As very little corporate data is held in SQLite format, and Talend allows access to every major commercial/free database, the usefulness of SQLite might not be at first obvious.  But if you think of SQLite as a data cache, a fast and efficient local tabular datastore, with a powerful but well understood DSL (i.e. SQL) and a drop-dead-simple setup and backup regime (basically copying and creating files), maybe then you can see its attraction. The ability to extend the DSL by easily creating SQLite user defined functions (UDFs) within Talend using either Java or Groovy is also another powerful feature.

For example…

select customer_id, name,customer, sales_region, getpalodata(“SALES”,customer_id,”All Products”.”Total Sales”,”Euros”,”YTD”)  as customer_YTD, getpalodata(“SALES”,sales_region,”All Products”.”Total Sales”,”Euros”,”YTD”)  as region_total_YTD from list_of_top_customers;

… where getapalodata is a UDF that wraps calls to a Palo cube.

With this type of setup I can easily mix and match list/tabular data with multidimensional data points using SQL (something that Oracle also supports but only if you hand over a large wad of currency). In fact I can create a mini data warehouse, with Palo providing the pivot, ( as SQLite lacks star-query (or even multi-index query) support.)  SQLite would still host the conformed dimensions and the fact tables, but with the fact tables acting as feeds to Palo cubes, supporting finer-grained drill-throughs from cubes or for ad-hoc queries. This is powerful stuff, simple, free, powerful stuff.

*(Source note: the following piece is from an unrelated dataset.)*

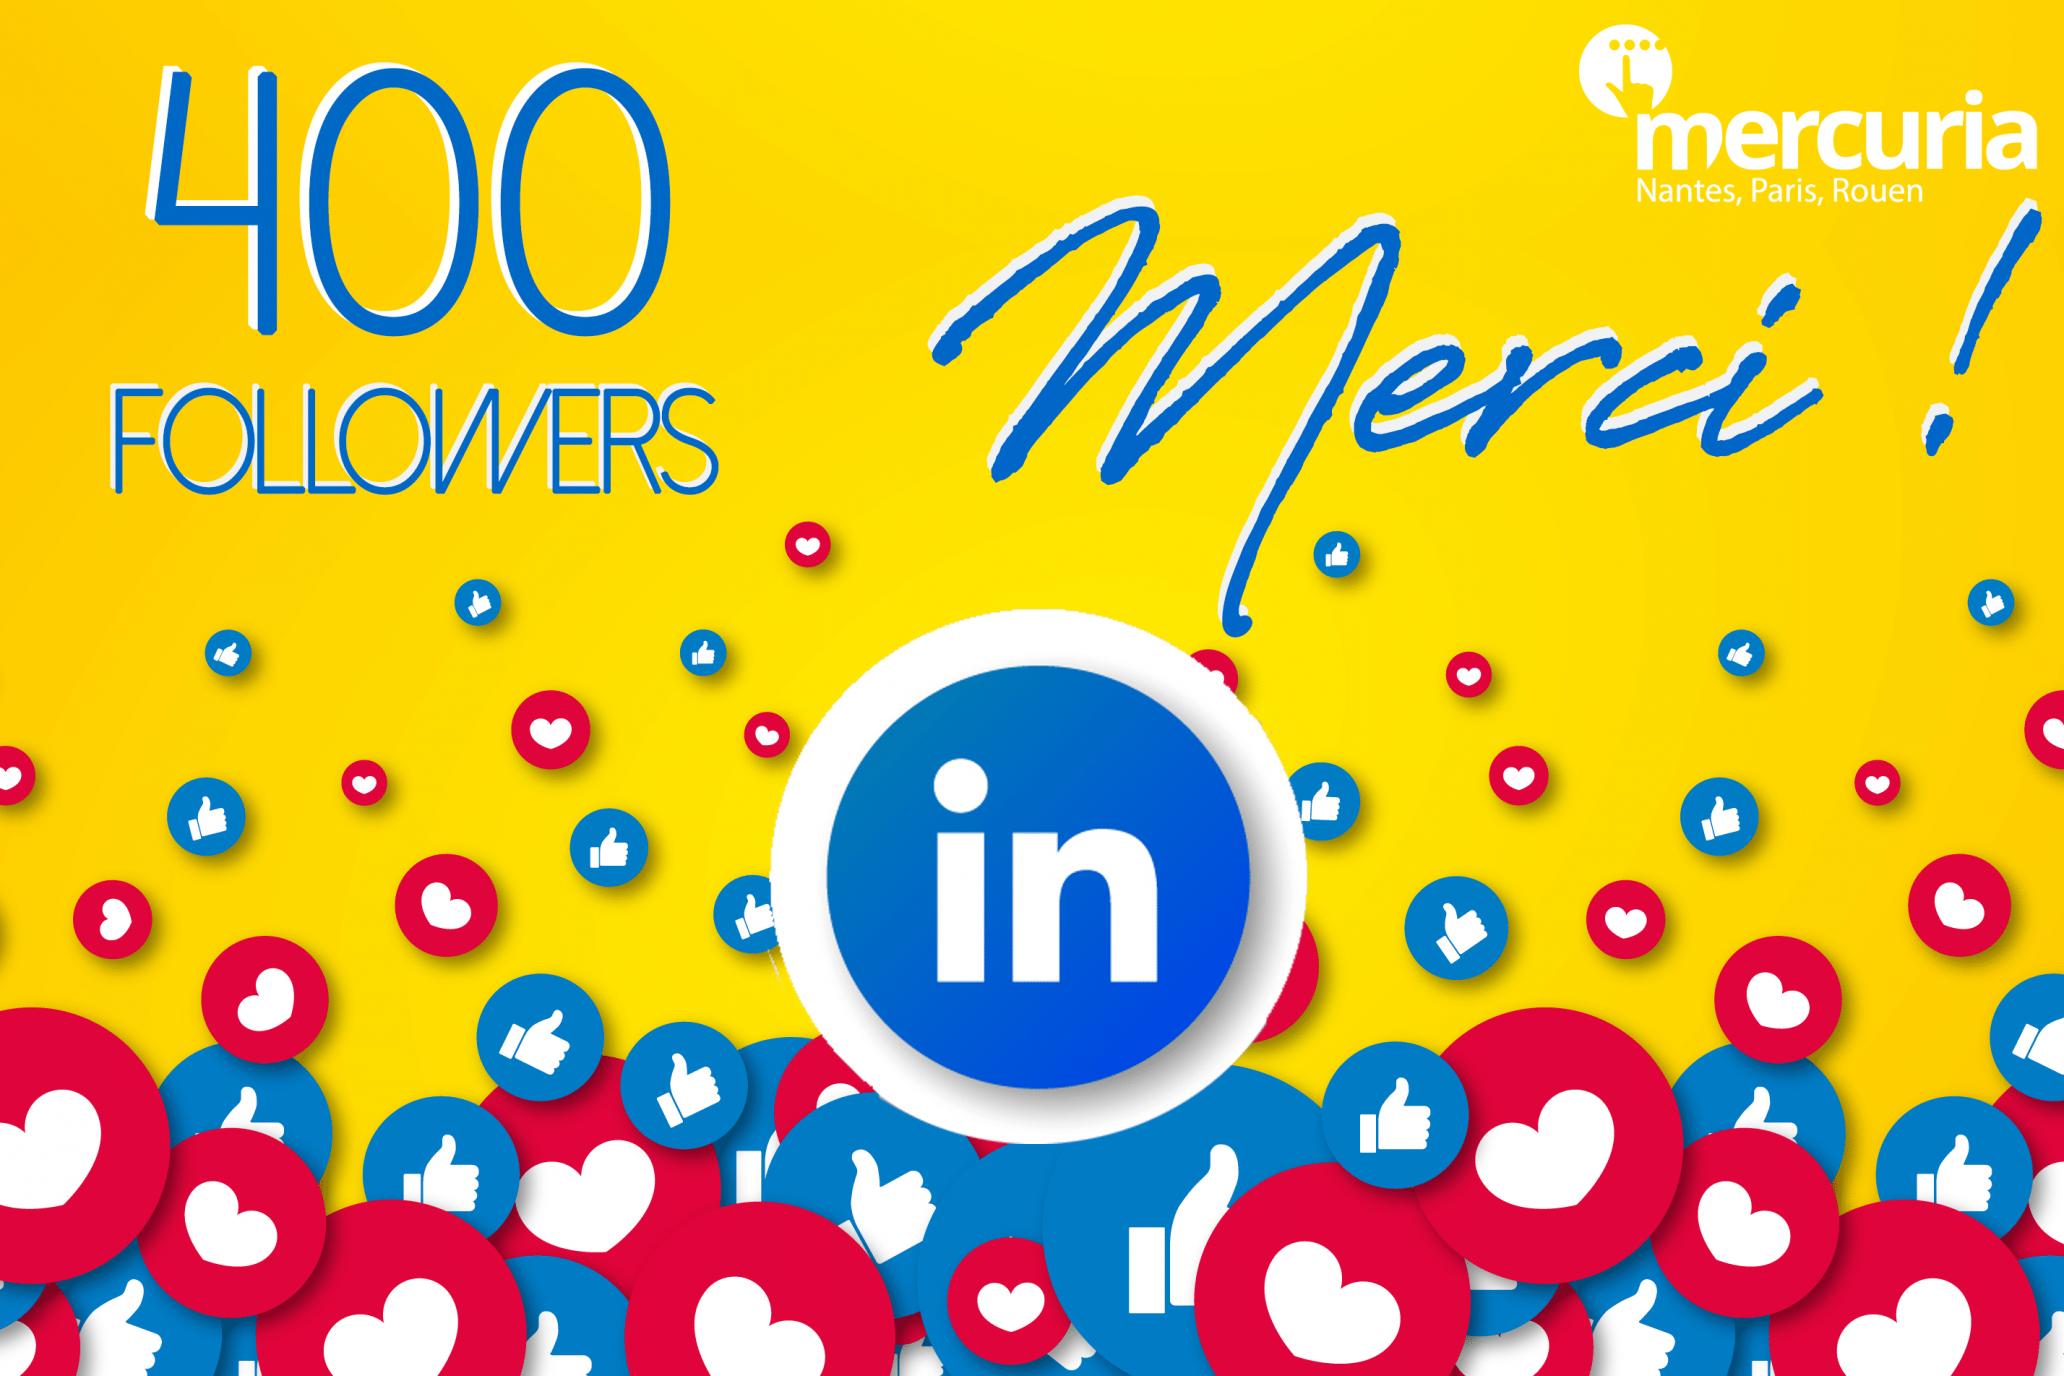 400-followers-linkedin_mercuria

… and the spreadsheet access?

A Talend sub-job such as this…

Talend Groovy Jetty web server

Talend Groovy Jetty web server

Example of Groovy code calling Jetty API

Example of Groovy code calling Jetty API

…would provide a simple RESTful (rather than SOAP) web service which could be accessed either with an Excel Web Query or via a VBA macro which would parse the result and allow for more control.  For example …

http://localhost:1234/sqlgateway?sql=select customer_id,name from all_customers&type=HTMLTable

… this would return a list of customers wrapped in an HTML table, or …


…this might call a Talend job called extractProspects, passing in JonesTom, JAN and AXA as context parameters, which would then return a list of prospects extracted from a feed supplied by AXA’s system.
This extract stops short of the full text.